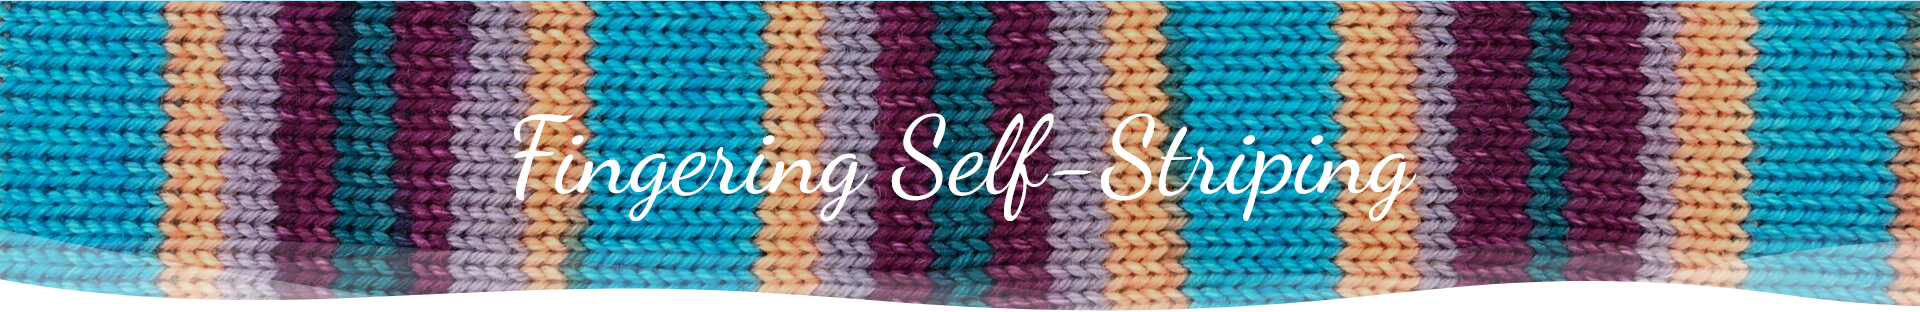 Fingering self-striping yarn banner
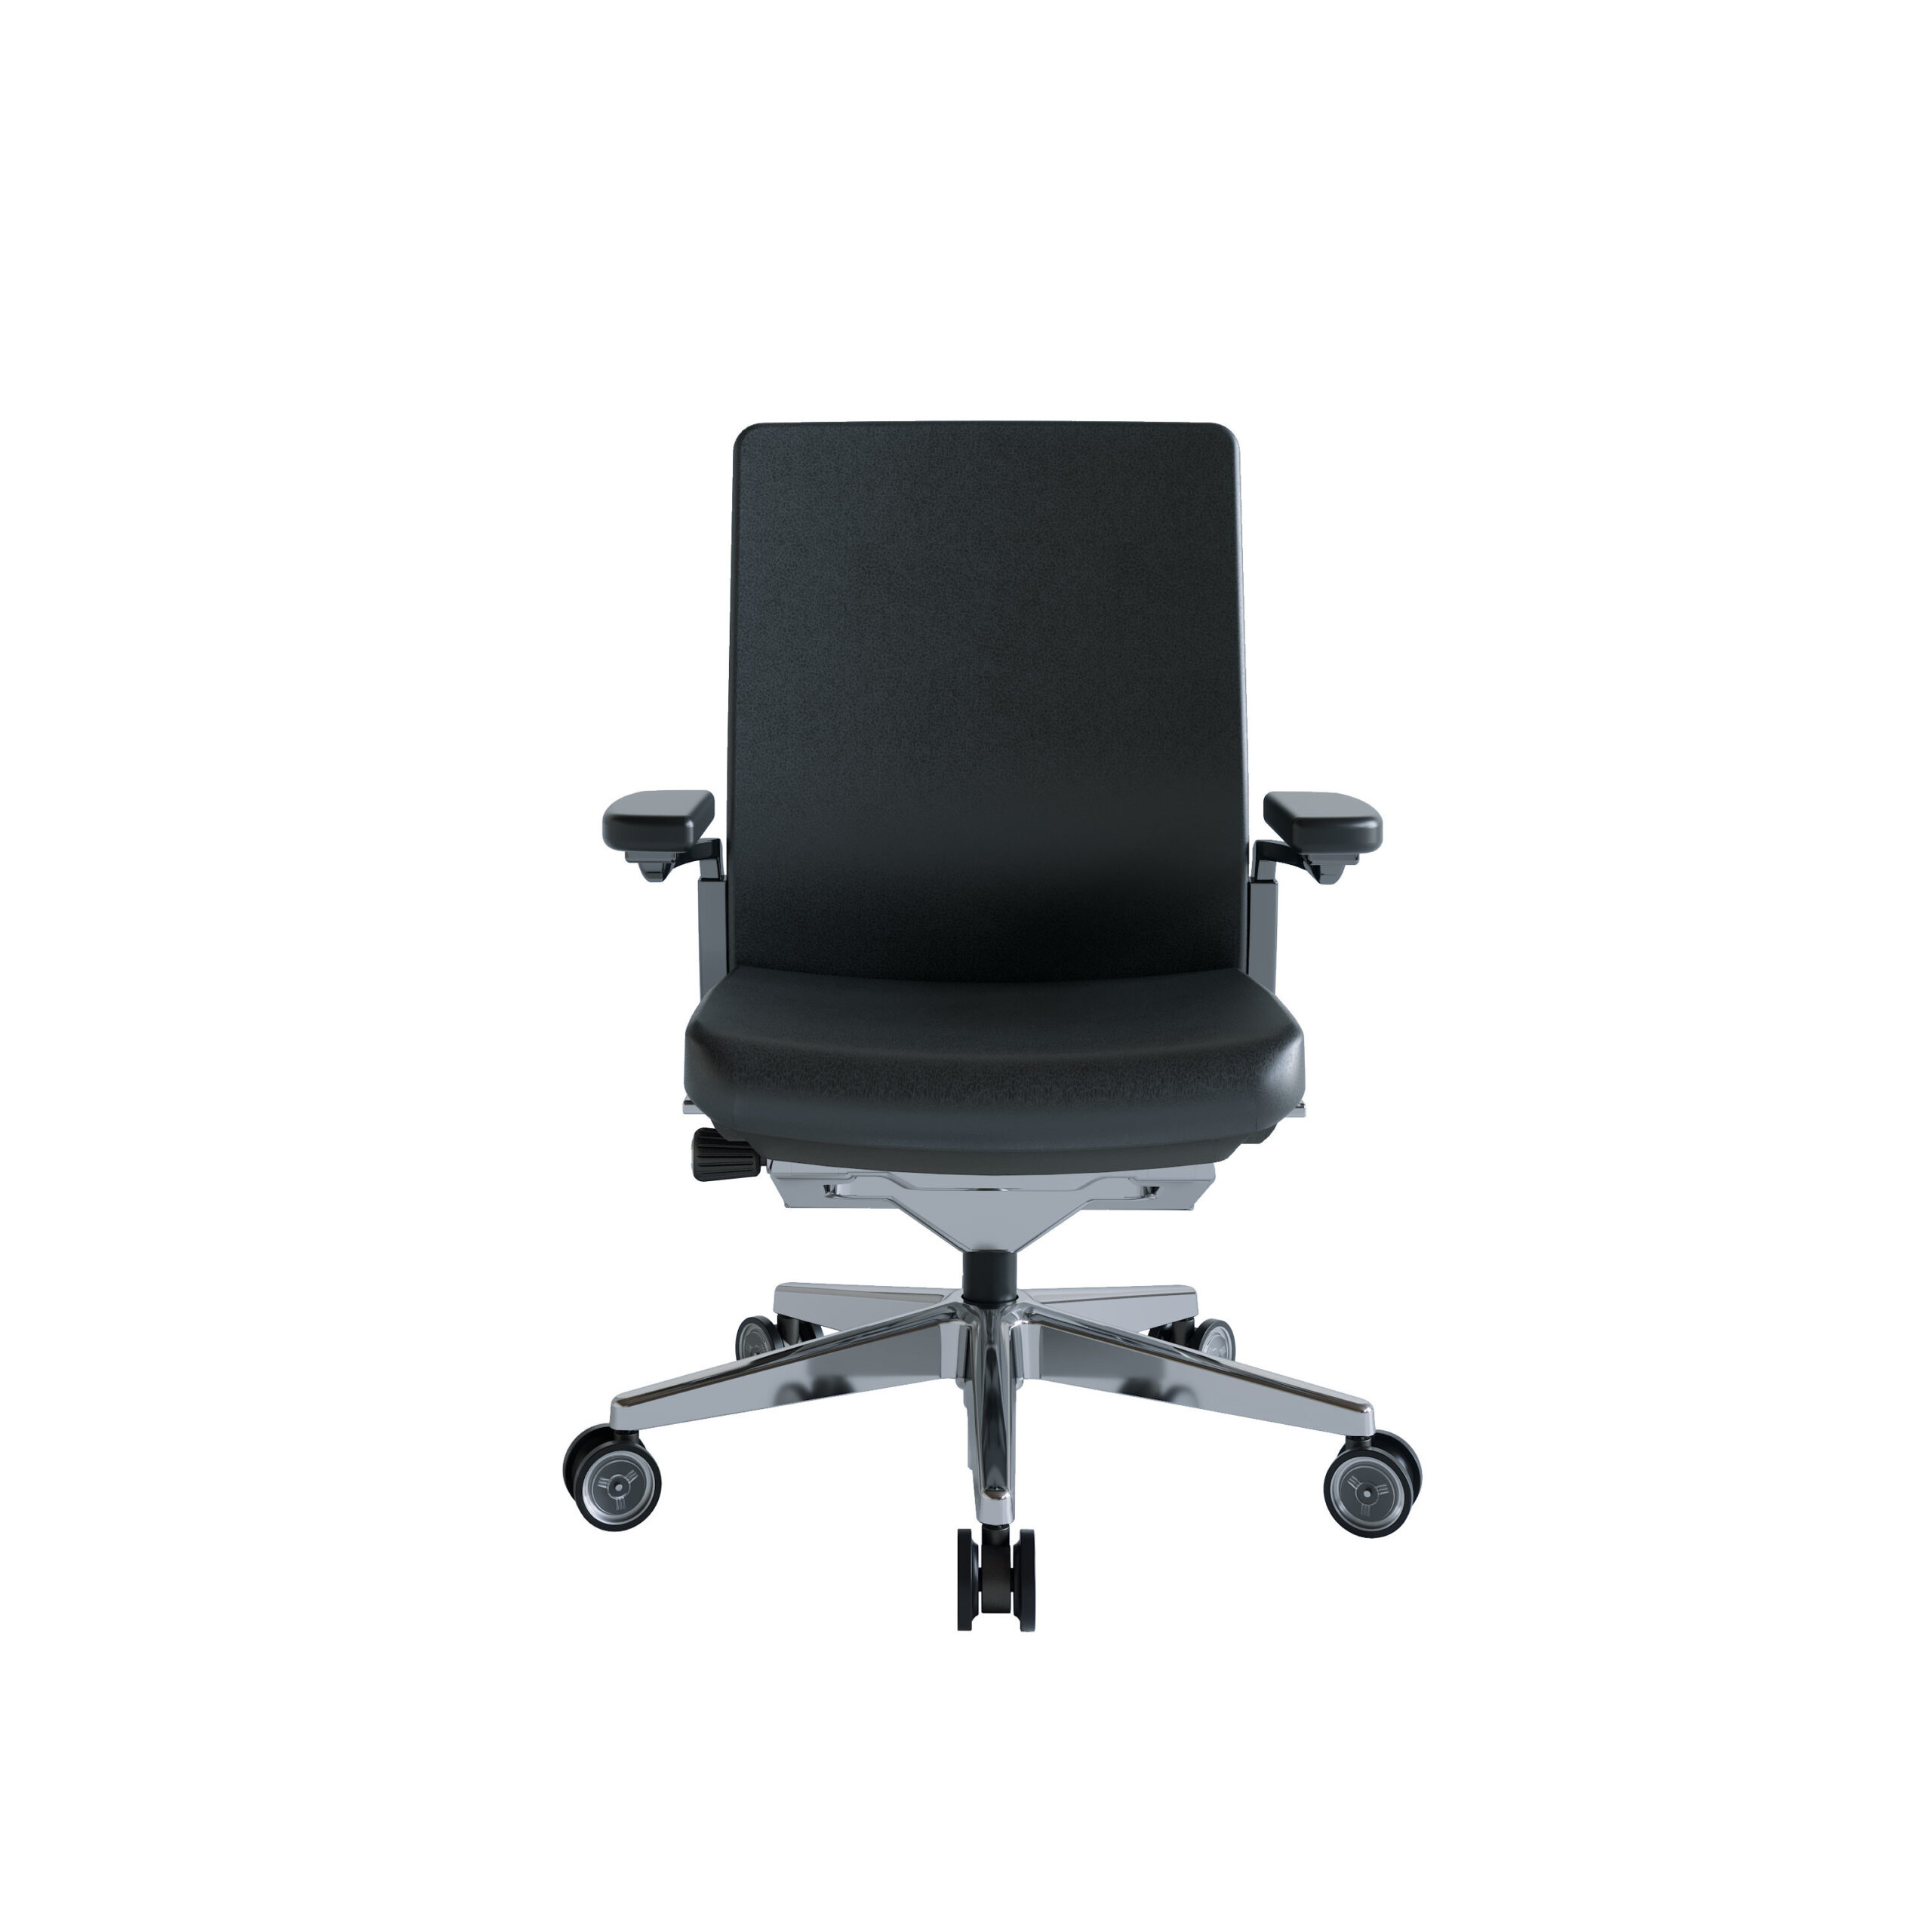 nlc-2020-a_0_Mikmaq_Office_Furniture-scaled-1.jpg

==

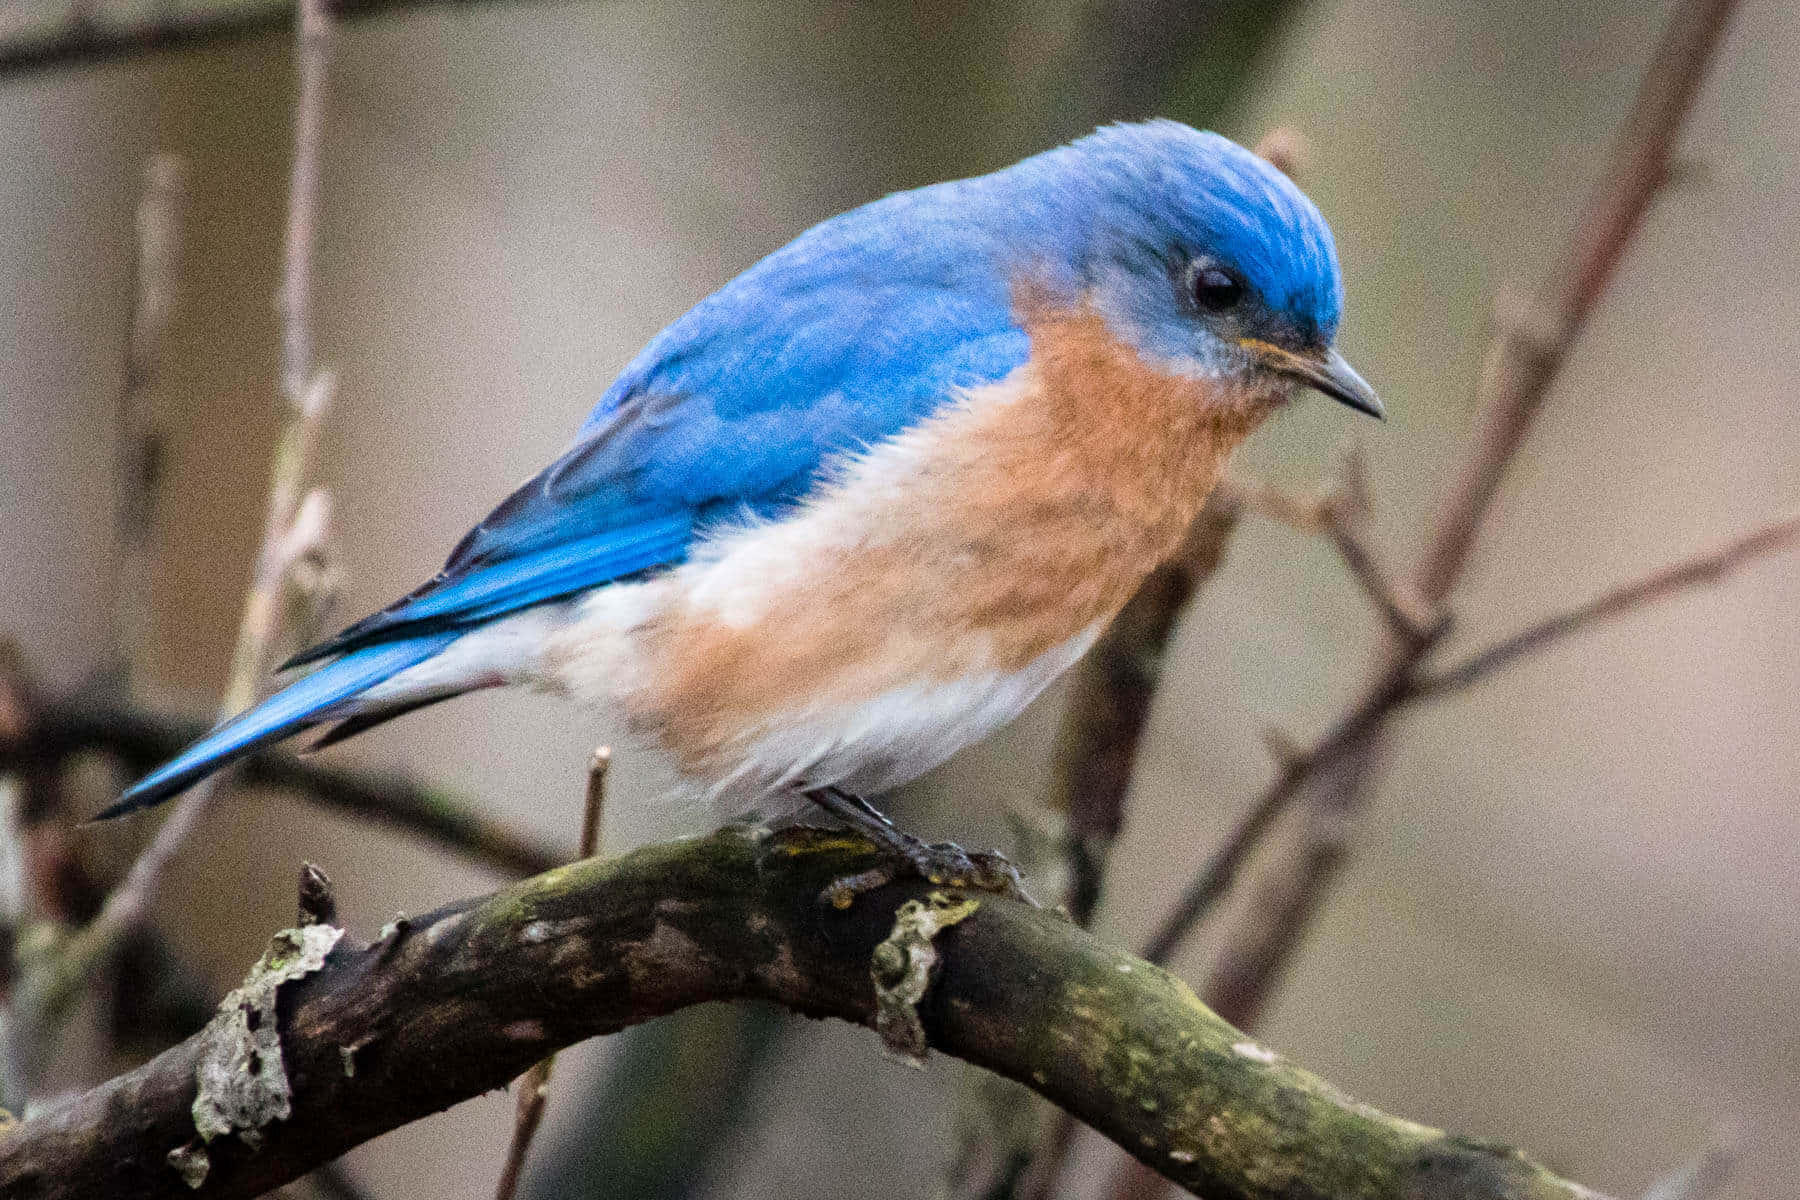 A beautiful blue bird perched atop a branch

• **Problem description**
Give back the exact lines above, running from the one that has "Fingering self-striping yarn banner" through the one that has "nlc-2020-a_0_Mikmaq_Office_Furniture-scaled-1.jpg", with nothing added and no pictures.

• **Problem solution**
 Fingering self-striping yarn banner
 nlc-2020-a_0_Mikmaq_Office_Furniture-scaled-1.jpg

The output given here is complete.